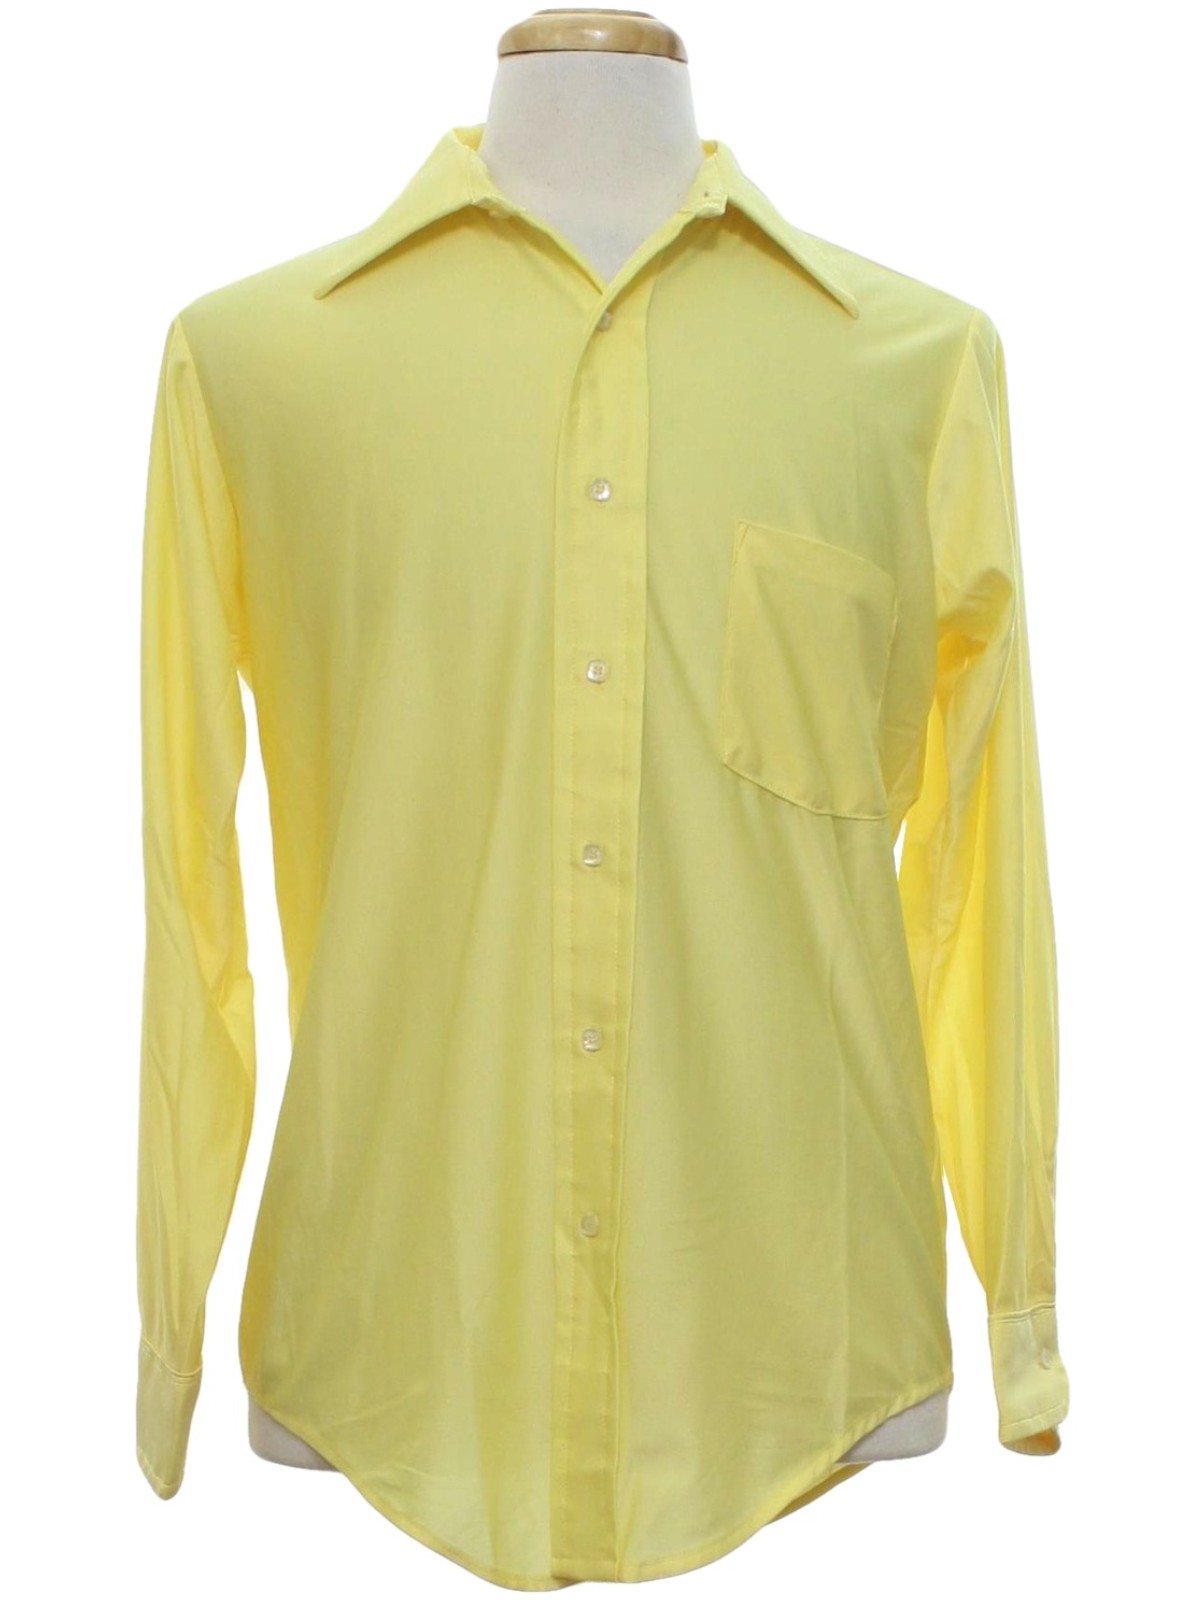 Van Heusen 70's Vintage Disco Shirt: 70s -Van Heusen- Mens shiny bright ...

⁂

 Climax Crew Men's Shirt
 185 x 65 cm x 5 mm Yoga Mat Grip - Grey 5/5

⁂

WHAT THE TASK REQUIRES
Starting with the line above that holds "Climax Crew Men's Shirt" and stopping with the line that holds "185 x 65 cm x 5 mm Yoga Mat Grip - Grey 5/5", reproduce each line exactly, omitting all other lines.

OUTPUT OF THE TASK
 Climax Crew Men's Shirt
 185 x 65 cm x 5 mm Yoga Mat Grip - Grey 5/5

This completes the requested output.